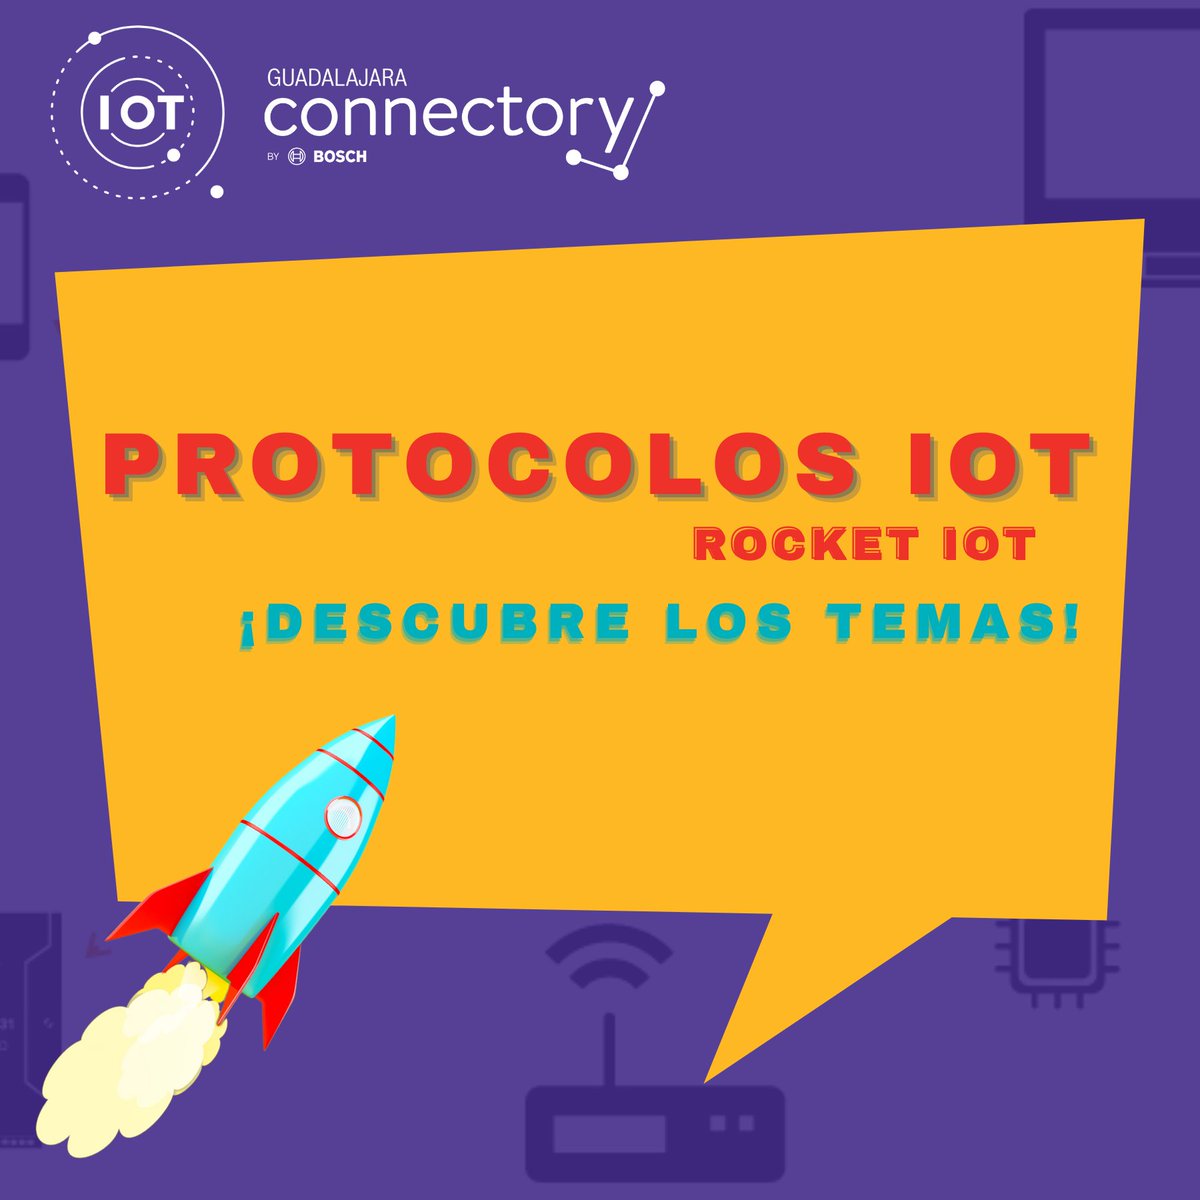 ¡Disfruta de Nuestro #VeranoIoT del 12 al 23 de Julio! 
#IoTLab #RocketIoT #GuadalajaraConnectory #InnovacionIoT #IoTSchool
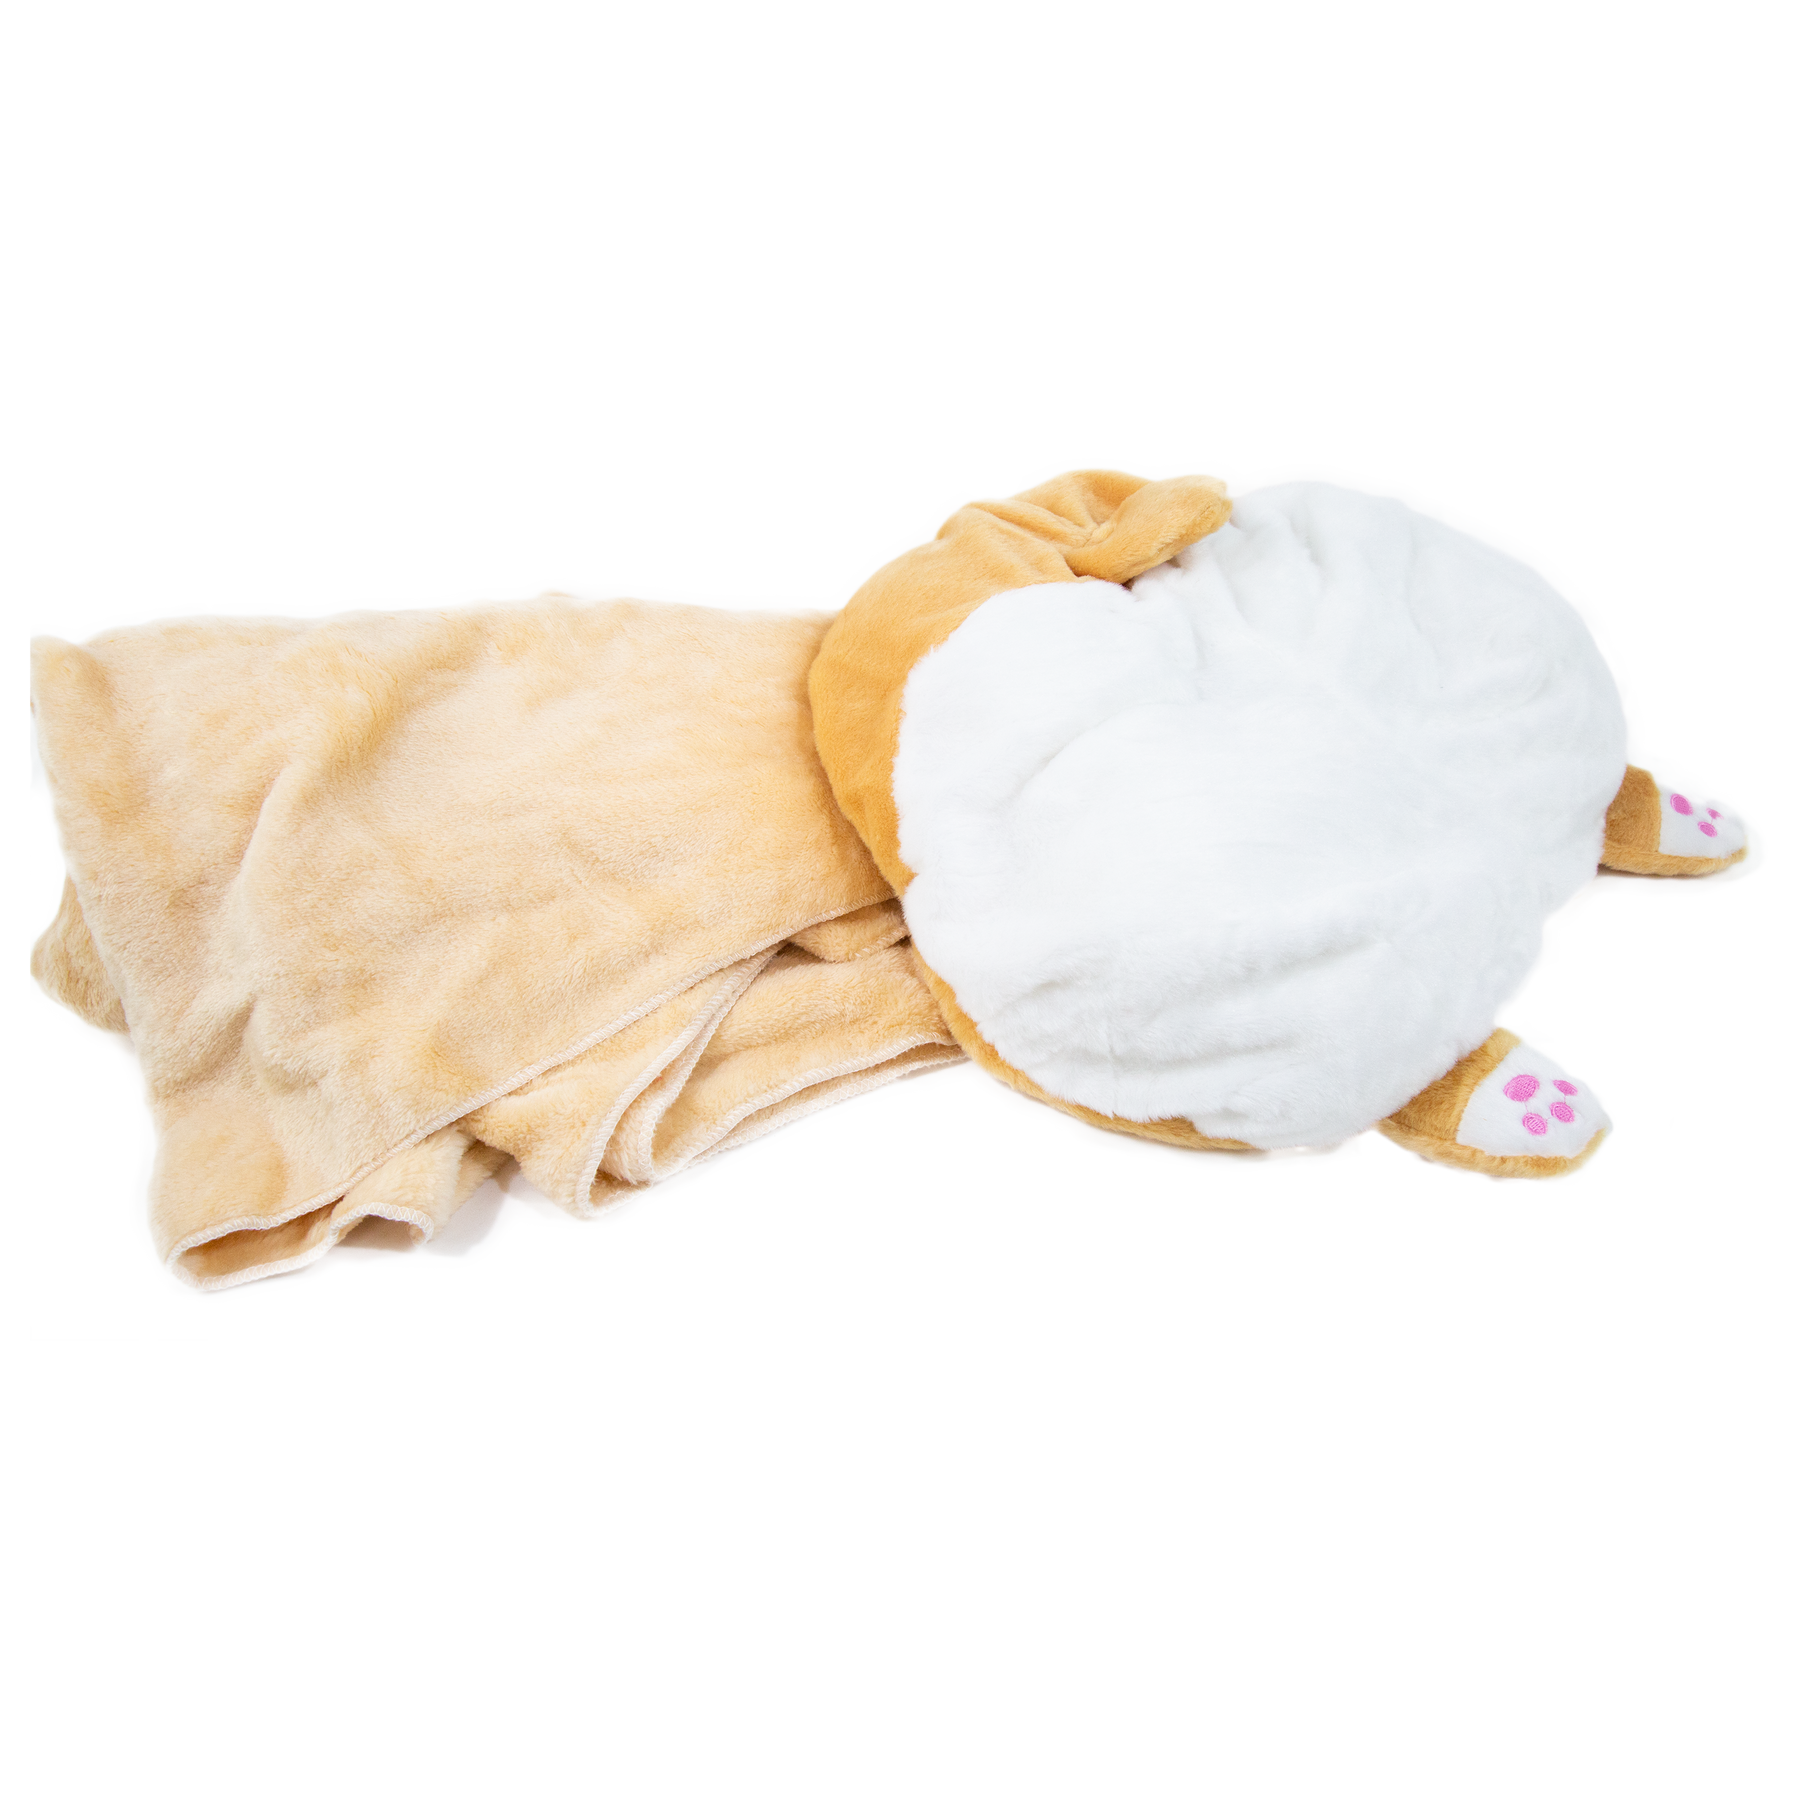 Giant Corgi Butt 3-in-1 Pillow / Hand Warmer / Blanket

※

What this task involves:
The required output consists only of the lines from the one containing "#IoTLab #RocketIoT #GuadalajaraConnectory" to the last line of the material, reproduced exactly, pictures excluded.

Output:
#IoTLab #RocketIoT #GuadalajaraConnectory #InnovacionIoT #IoTSchool
 Giant Corgi Butt 3-in-1 Pillow / Hand Warmer / Blanket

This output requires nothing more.